*** Block opens ***

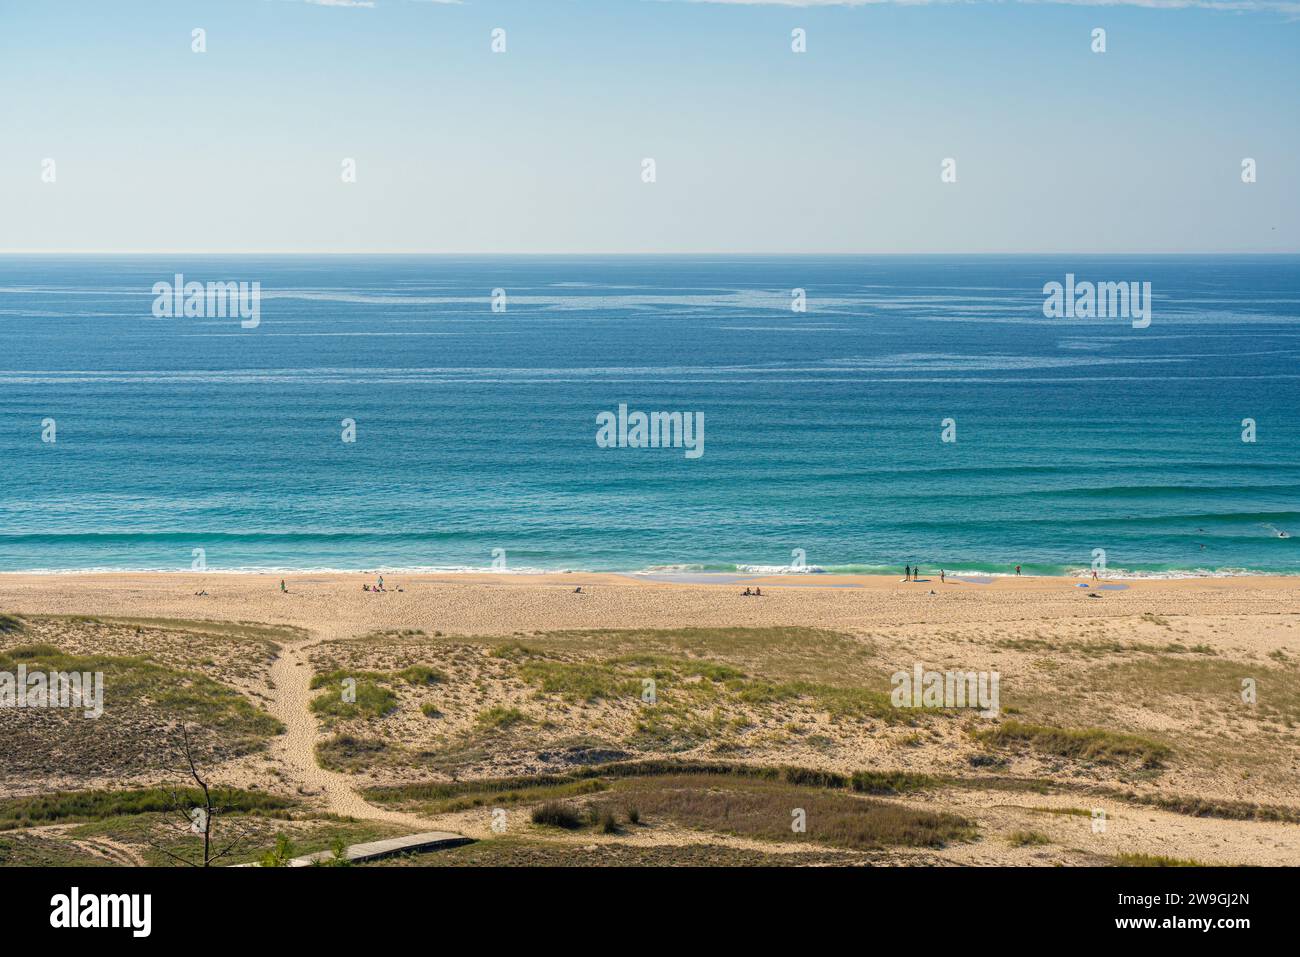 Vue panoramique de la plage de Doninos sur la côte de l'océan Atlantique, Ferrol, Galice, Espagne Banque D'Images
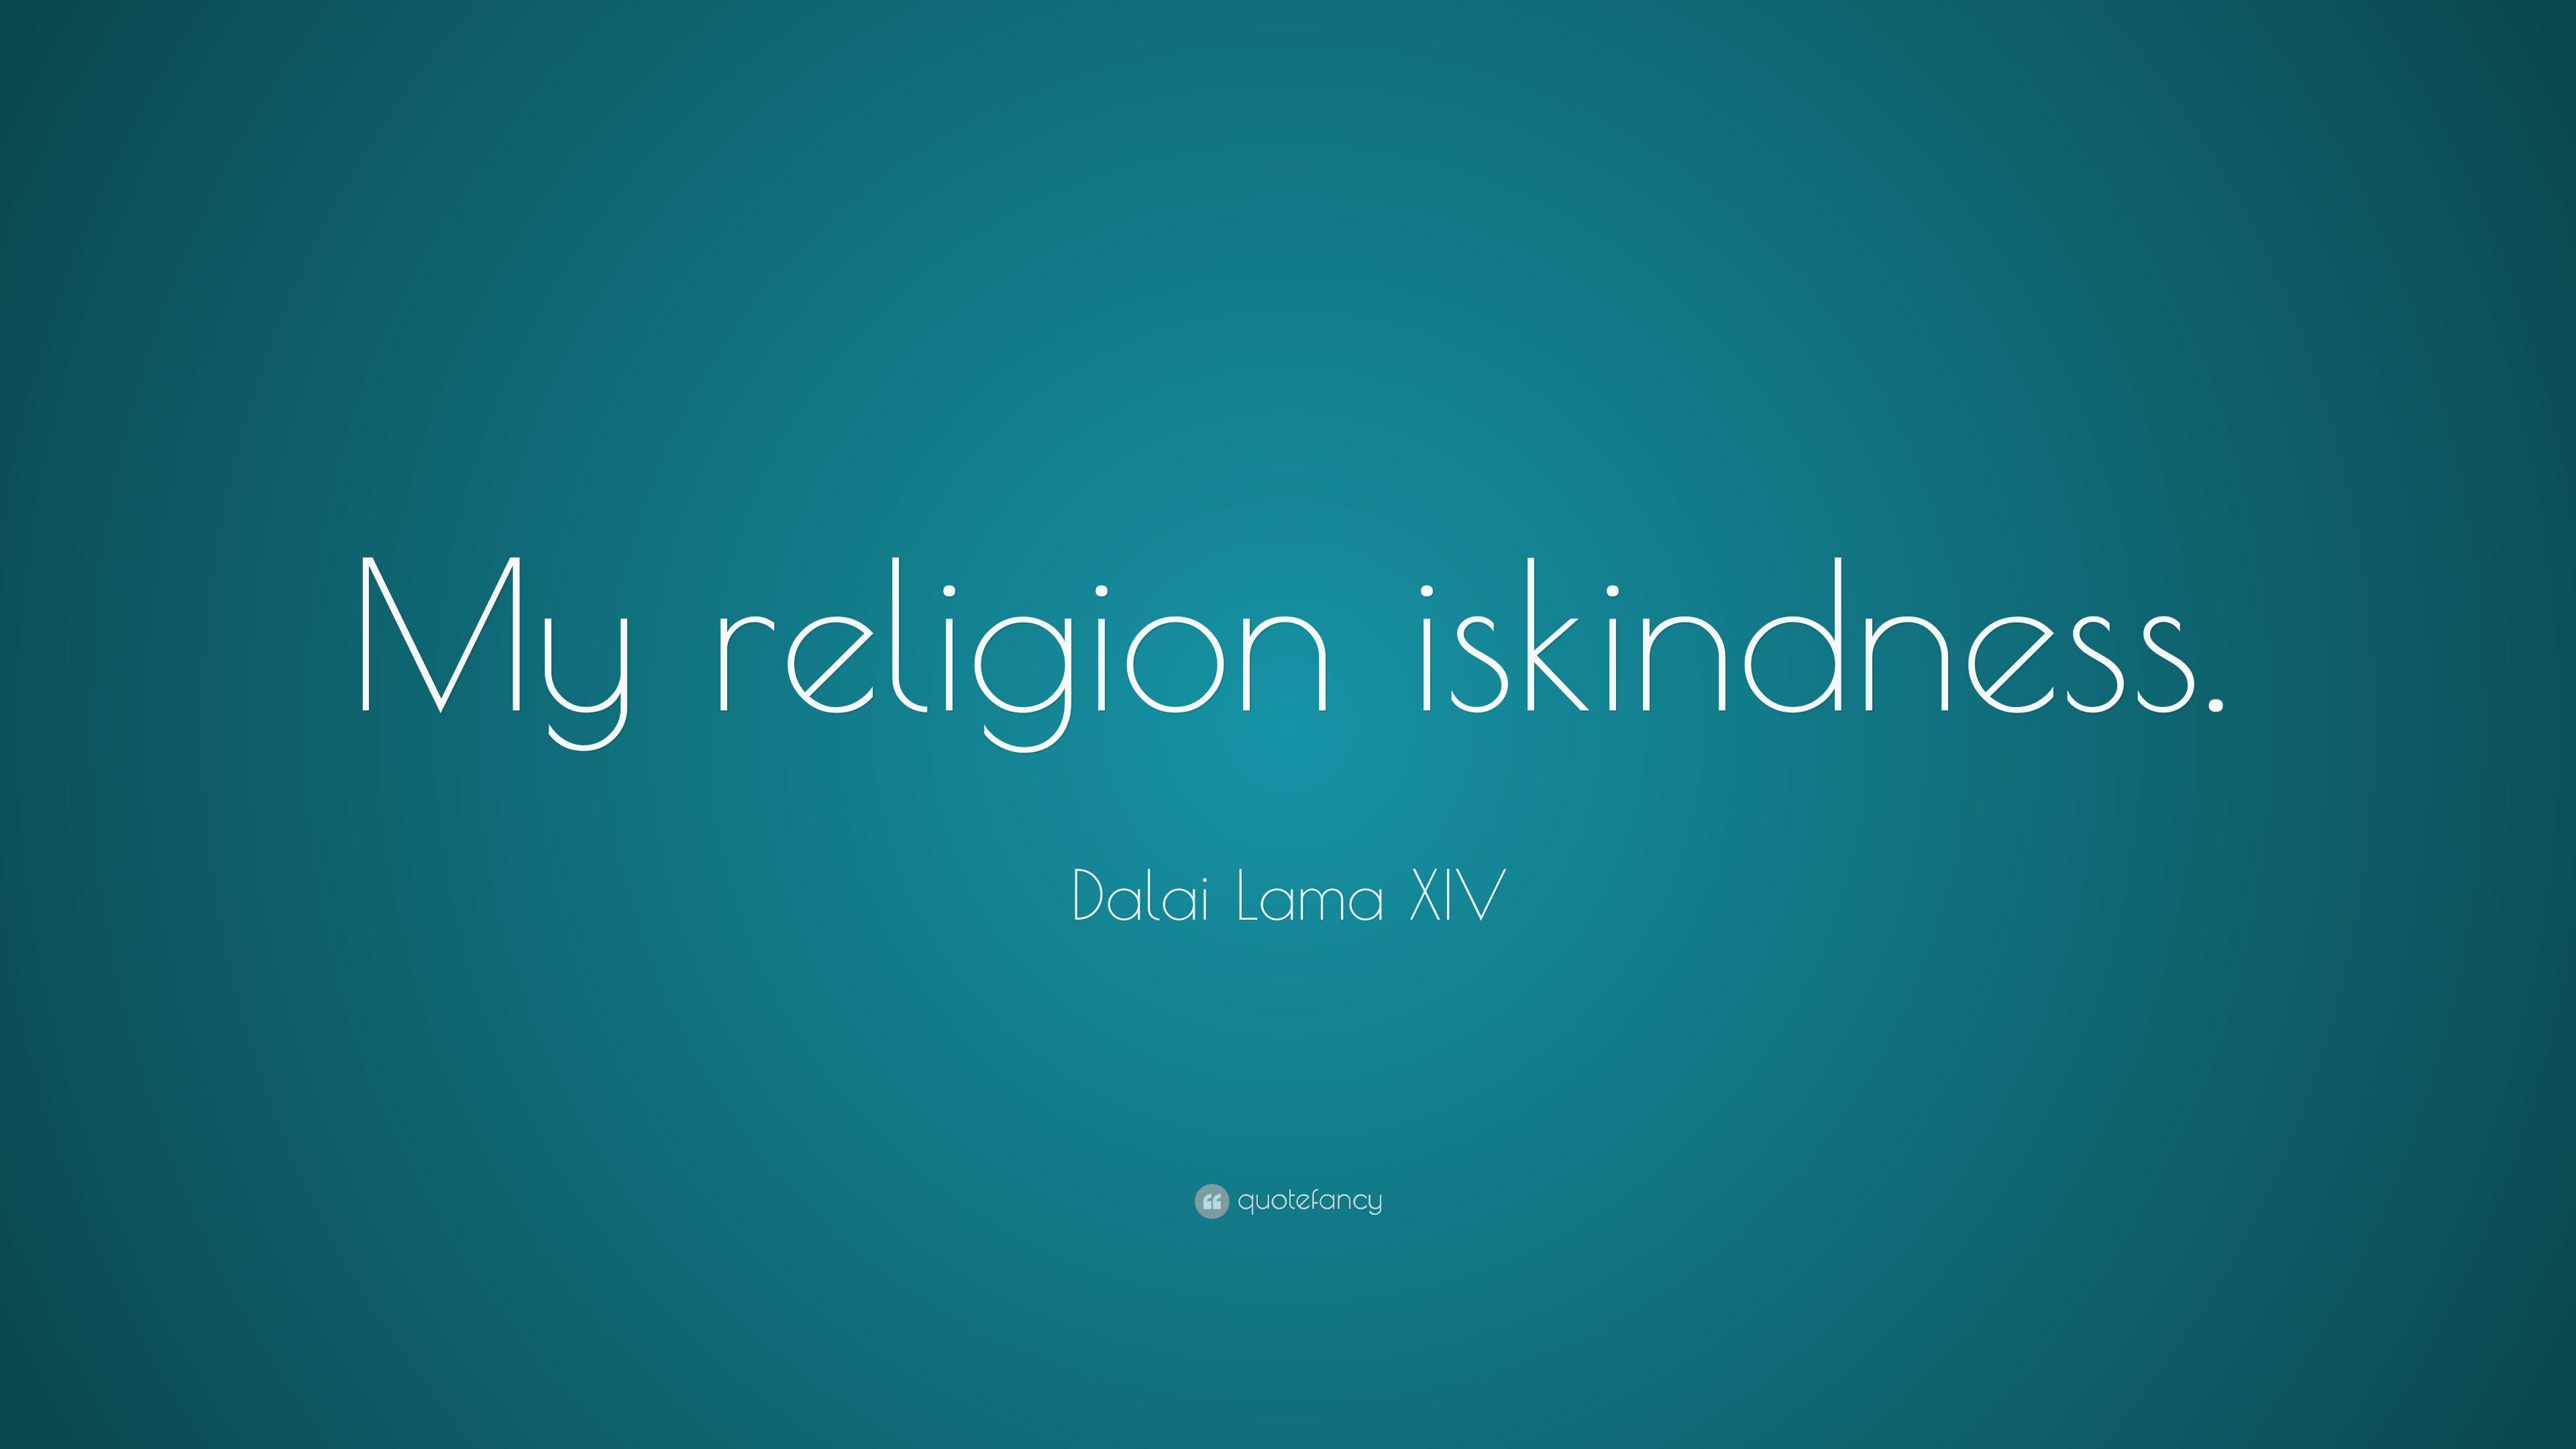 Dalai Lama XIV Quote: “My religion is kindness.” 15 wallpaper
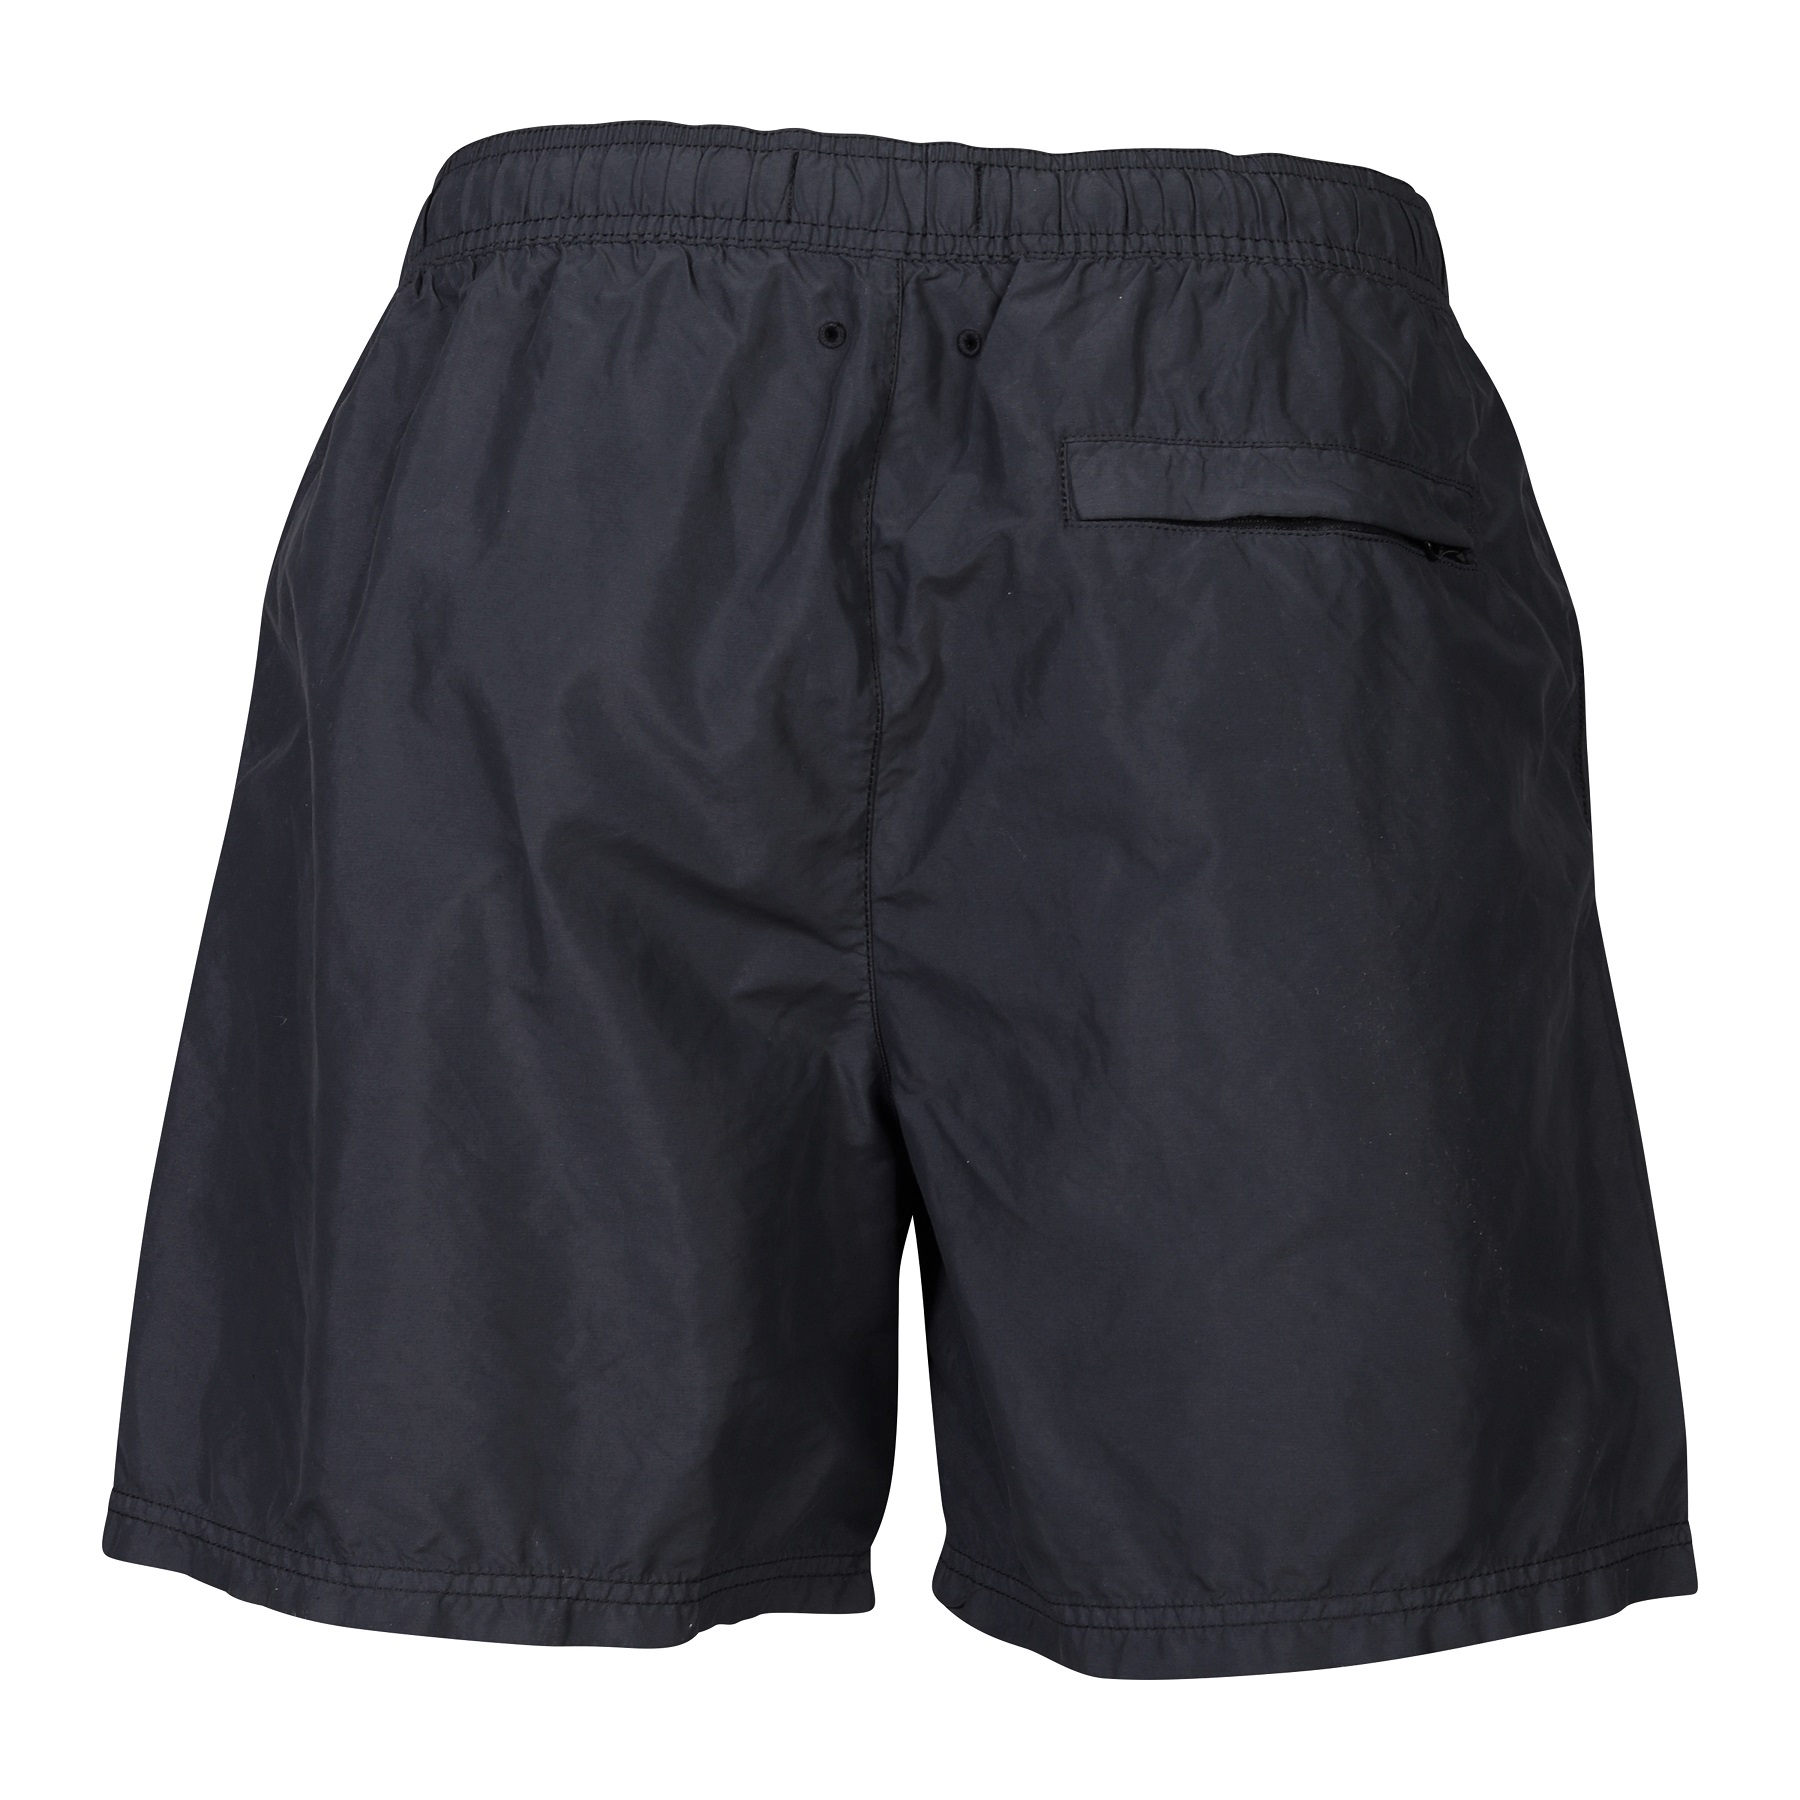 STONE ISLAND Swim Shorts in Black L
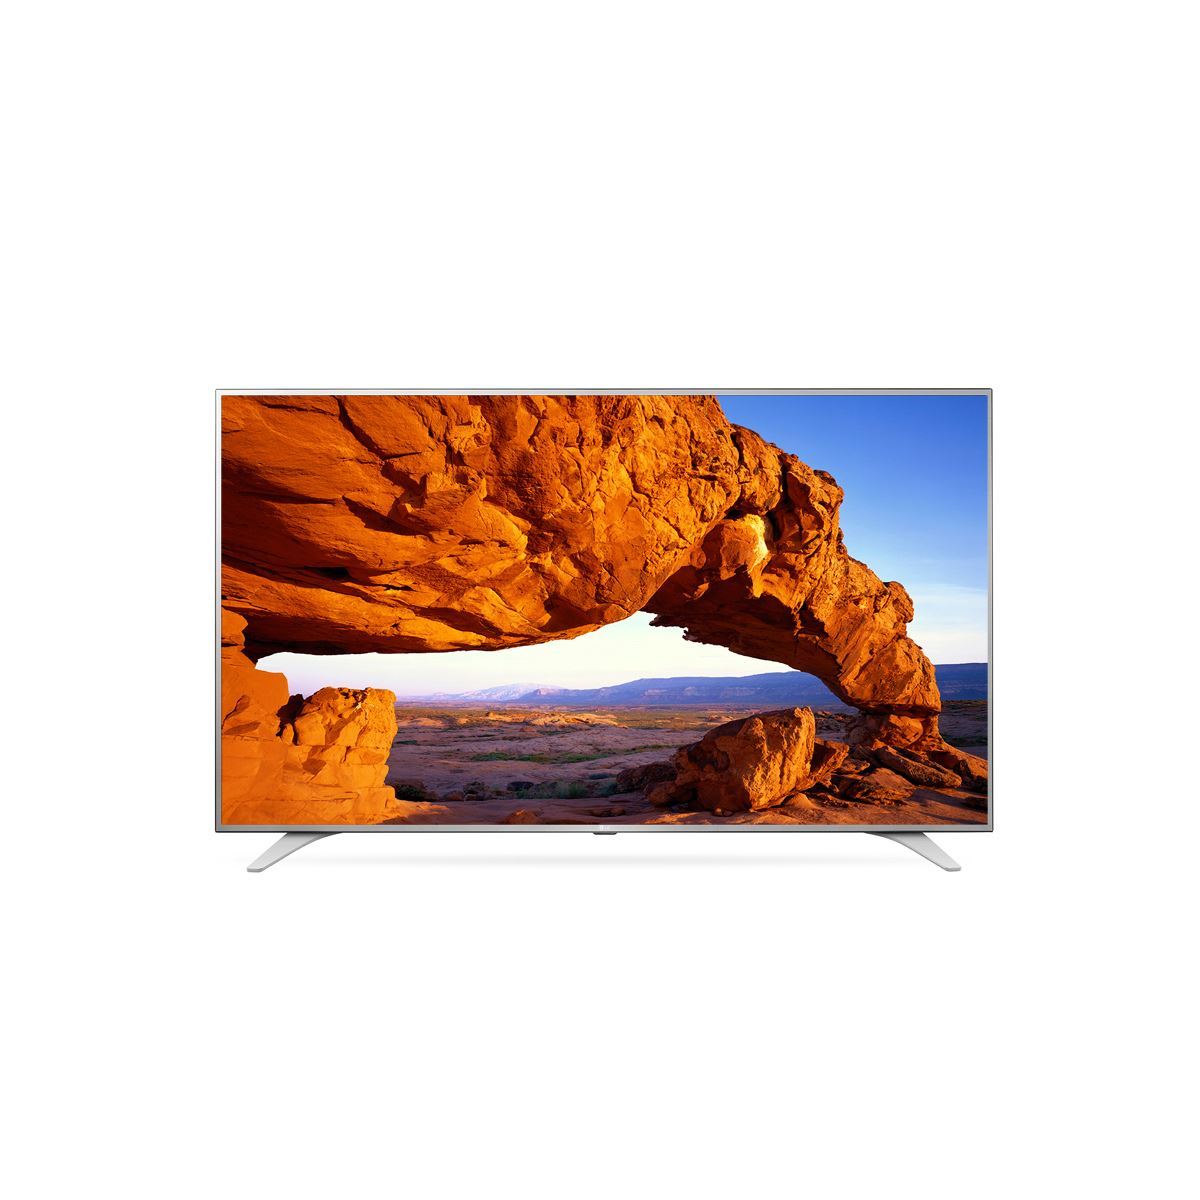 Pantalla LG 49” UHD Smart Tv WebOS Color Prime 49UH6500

*** Block closes ***

- _EXERCISE BRIEF_:
Retype, word for word, the line containing "Dalai Lama XIV" and each line after it through the end of the data, leaving any picture out.

- _ANSWER_:
 Dalai Lama XIV Quote: “My religion is kindness.” 15 wallpaper
 STONE ISLAND Swim Shorts in Black L
 Pantalla LG 49” UHD Smart Tv WebOS Color Prime 49UH6500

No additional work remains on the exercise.